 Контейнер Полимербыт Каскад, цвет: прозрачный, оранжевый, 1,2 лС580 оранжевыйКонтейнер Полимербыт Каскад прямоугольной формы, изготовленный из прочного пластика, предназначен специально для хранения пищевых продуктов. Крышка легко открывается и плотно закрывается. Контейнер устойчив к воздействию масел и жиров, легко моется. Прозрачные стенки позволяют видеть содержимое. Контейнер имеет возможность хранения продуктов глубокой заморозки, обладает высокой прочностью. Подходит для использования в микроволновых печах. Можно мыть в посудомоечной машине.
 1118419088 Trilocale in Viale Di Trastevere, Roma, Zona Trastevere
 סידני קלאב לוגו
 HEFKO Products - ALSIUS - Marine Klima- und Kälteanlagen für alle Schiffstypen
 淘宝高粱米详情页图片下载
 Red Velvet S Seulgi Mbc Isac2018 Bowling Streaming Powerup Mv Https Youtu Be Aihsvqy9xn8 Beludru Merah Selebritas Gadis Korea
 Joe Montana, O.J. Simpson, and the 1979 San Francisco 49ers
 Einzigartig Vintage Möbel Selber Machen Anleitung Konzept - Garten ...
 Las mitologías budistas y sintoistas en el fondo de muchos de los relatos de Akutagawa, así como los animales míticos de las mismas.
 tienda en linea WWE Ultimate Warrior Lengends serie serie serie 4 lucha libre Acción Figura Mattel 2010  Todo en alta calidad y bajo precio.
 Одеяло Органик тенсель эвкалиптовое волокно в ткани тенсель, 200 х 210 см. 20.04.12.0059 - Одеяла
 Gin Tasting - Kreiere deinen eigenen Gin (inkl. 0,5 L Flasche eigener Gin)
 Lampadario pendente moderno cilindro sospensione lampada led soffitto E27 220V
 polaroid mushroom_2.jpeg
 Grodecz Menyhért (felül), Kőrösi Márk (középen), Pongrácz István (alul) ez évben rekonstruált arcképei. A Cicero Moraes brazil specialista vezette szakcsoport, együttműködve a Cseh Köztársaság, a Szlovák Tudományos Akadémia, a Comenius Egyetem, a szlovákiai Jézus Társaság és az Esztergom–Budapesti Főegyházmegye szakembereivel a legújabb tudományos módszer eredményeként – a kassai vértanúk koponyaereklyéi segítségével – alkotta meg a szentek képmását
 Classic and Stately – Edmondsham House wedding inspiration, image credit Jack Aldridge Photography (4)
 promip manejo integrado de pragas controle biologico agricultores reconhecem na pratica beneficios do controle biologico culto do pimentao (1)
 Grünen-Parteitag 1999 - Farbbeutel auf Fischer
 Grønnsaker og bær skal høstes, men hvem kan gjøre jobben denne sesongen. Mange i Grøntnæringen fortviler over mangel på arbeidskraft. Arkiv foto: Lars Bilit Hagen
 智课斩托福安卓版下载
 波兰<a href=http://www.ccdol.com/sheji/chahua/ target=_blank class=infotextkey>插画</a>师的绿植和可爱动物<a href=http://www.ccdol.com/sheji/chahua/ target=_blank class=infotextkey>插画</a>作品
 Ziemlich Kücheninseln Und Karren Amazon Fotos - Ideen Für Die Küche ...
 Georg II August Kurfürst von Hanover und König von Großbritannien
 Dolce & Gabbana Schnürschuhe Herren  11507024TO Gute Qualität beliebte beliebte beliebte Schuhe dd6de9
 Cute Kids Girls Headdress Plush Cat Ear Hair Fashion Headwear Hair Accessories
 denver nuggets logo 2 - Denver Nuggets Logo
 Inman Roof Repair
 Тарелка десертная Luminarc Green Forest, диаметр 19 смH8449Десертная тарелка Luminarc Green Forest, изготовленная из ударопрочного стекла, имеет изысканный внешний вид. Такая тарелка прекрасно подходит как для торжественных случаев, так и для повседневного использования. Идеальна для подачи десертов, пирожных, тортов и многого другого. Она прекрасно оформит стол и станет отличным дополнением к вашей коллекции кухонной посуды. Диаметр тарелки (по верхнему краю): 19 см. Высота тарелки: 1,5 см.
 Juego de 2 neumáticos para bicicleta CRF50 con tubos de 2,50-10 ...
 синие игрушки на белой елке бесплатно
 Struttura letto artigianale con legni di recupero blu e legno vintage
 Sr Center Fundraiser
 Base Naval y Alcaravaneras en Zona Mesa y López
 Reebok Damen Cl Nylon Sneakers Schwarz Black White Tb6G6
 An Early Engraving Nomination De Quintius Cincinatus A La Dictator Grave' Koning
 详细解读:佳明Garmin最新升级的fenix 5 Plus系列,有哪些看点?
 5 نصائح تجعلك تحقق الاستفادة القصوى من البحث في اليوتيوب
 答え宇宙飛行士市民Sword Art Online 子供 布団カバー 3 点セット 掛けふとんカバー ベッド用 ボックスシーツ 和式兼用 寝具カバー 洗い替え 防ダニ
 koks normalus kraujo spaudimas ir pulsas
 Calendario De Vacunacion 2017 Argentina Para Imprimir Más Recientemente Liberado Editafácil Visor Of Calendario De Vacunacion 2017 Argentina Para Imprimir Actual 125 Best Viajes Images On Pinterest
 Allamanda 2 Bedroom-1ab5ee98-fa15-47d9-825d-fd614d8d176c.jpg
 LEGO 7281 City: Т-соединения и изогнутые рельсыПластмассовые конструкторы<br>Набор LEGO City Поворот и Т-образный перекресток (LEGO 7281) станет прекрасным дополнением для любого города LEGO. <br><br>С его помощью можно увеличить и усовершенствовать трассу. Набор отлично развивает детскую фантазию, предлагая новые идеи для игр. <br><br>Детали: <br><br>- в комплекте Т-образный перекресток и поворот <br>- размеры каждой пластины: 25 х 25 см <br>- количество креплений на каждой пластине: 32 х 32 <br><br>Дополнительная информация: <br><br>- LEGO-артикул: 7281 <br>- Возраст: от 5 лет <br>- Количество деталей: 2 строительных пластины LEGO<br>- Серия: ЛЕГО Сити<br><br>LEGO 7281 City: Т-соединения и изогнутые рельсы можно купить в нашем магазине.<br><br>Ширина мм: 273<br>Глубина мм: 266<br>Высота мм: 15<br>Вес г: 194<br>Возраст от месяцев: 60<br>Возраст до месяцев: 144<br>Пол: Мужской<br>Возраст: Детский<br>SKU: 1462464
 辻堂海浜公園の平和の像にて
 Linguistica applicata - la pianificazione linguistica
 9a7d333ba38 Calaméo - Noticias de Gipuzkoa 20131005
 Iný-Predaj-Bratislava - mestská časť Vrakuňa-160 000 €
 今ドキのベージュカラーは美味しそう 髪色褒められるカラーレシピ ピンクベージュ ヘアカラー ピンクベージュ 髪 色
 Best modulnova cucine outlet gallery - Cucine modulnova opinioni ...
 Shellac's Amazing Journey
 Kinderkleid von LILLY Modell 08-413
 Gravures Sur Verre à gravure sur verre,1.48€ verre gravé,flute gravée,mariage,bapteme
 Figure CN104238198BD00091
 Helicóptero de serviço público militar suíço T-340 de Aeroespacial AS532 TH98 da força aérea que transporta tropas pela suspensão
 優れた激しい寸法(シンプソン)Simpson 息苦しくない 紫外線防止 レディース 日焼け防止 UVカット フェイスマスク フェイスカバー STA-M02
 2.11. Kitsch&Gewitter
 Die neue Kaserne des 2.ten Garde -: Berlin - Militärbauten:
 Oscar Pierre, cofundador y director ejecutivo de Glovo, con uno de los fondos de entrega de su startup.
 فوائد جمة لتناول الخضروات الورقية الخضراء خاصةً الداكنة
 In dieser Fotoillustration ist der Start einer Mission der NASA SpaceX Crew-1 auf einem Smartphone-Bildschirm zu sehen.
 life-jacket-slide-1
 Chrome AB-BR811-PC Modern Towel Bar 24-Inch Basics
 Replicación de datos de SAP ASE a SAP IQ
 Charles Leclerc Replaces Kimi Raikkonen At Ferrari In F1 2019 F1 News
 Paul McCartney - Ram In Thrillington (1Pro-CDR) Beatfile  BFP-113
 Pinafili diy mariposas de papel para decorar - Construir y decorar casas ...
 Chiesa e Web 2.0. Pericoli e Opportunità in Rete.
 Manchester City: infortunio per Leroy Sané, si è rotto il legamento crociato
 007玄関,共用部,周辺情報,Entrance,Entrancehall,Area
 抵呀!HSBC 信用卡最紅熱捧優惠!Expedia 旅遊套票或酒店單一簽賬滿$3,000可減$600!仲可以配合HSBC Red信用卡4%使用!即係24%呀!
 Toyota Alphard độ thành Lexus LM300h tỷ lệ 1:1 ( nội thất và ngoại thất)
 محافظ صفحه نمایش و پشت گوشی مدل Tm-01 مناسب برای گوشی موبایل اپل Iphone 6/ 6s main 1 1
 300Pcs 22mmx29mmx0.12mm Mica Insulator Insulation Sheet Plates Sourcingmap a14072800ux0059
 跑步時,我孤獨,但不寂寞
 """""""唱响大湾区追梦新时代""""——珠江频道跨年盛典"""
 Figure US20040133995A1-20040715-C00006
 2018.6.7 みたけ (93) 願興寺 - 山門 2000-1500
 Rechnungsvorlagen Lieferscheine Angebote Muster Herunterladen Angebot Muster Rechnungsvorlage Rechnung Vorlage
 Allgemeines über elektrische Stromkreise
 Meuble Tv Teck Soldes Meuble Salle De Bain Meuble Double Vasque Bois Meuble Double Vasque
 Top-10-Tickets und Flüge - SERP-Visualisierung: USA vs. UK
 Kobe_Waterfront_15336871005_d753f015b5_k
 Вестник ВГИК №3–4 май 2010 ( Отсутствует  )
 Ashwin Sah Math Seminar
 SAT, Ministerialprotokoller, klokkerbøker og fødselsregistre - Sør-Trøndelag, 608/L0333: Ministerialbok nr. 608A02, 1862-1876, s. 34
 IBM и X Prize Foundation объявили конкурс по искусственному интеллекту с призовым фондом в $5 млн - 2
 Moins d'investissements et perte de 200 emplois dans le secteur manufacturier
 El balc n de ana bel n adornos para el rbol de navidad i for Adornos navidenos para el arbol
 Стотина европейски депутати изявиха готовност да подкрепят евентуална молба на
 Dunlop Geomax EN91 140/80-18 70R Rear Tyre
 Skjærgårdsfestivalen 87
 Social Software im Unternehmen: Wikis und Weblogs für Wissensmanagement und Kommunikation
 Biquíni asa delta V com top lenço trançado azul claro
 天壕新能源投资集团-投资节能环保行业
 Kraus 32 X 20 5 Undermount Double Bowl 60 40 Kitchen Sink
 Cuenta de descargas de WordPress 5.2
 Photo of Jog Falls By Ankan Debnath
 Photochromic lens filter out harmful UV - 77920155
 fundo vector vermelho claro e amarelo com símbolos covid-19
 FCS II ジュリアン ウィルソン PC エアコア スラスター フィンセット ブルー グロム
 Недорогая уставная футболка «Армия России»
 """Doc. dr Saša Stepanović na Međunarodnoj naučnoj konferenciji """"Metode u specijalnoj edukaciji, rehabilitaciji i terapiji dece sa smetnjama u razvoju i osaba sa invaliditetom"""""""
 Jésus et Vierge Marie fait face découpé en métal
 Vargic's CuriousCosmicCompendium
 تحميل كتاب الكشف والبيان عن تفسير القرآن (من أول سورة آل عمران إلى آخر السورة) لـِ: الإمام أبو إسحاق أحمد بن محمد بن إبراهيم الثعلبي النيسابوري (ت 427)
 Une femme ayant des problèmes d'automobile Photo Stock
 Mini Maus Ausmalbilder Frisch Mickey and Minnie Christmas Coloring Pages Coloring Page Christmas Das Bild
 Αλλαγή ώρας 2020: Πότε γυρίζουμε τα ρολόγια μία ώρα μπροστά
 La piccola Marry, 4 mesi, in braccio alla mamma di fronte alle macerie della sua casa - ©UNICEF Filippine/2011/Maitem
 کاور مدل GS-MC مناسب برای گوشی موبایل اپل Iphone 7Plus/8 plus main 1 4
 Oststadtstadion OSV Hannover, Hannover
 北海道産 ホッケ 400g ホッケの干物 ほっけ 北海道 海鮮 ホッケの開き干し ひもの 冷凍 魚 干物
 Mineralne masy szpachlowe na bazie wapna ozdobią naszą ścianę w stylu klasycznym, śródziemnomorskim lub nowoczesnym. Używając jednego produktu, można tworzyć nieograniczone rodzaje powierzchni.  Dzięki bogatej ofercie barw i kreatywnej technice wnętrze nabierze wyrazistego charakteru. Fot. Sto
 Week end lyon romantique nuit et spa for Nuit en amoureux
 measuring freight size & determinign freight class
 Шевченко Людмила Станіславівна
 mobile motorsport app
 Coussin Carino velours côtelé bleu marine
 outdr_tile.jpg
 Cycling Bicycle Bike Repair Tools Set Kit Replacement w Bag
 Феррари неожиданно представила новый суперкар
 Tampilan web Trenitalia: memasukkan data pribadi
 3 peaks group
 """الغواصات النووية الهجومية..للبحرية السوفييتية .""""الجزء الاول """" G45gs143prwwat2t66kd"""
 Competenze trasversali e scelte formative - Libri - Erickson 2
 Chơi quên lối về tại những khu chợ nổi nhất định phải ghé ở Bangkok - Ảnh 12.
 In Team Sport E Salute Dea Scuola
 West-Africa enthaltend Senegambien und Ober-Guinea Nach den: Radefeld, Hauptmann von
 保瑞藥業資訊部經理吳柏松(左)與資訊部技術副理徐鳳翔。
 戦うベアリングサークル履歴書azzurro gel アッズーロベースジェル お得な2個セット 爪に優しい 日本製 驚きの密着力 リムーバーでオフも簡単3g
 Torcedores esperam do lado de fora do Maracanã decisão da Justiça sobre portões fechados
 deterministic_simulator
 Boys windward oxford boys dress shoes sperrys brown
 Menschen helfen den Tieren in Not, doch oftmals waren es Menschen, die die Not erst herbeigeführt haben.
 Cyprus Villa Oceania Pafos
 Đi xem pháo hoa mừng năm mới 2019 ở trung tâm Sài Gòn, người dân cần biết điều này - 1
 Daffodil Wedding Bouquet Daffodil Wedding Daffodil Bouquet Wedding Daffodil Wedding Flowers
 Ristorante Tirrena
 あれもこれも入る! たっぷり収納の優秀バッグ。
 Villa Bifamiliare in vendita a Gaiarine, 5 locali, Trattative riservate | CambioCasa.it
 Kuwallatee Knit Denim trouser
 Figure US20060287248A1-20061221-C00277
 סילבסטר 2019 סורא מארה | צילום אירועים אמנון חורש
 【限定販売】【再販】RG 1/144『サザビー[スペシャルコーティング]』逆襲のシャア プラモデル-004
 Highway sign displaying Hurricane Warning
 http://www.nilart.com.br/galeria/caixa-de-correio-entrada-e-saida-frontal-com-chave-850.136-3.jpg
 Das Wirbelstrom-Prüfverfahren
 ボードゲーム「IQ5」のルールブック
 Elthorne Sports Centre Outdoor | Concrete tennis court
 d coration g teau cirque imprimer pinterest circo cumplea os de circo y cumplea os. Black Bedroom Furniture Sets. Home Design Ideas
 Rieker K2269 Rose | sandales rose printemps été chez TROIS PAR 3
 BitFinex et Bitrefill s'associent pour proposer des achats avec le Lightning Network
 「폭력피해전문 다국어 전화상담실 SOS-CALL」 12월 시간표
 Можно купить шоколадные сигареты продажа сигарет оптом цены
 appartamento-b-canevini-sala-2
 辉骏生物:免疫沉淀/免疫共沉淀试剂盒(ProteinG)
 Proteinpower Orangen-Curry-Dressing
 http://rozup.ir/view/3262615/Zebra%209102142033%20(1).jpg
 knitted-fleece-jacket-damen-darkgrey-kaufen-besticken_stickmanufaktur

Brief
From the listing above, output exactly the run of lines that starts with the line containing "Las mitologías budistas" and ends with the line containing "Lampadario pendente moderno".

Response to the exercise
 Las mitologías budistas y sintoistas en el fondo de muchos de los relatos de Akutagawa, así como los animales míticos de las mismas.
 tienda en linea WWE Ultimate Warrior Lengends serie serie serie 4 lucha libre Acción Figura Mattel 2010  Todo en alta calidad y bajo precio.
 Одеяло Органик тенсель эвкалиптовое волокно в ткани тенсель, 200 х 210 см. 20.04.12.0059 - Одеяла
 Gin Tasting - Kreiere deinen eigenen Gin (inkl. 0,5 L Flasche eigener Gin)
 Lampadario pendente moderno cilindro sospensione lampada led soffitto E27 220V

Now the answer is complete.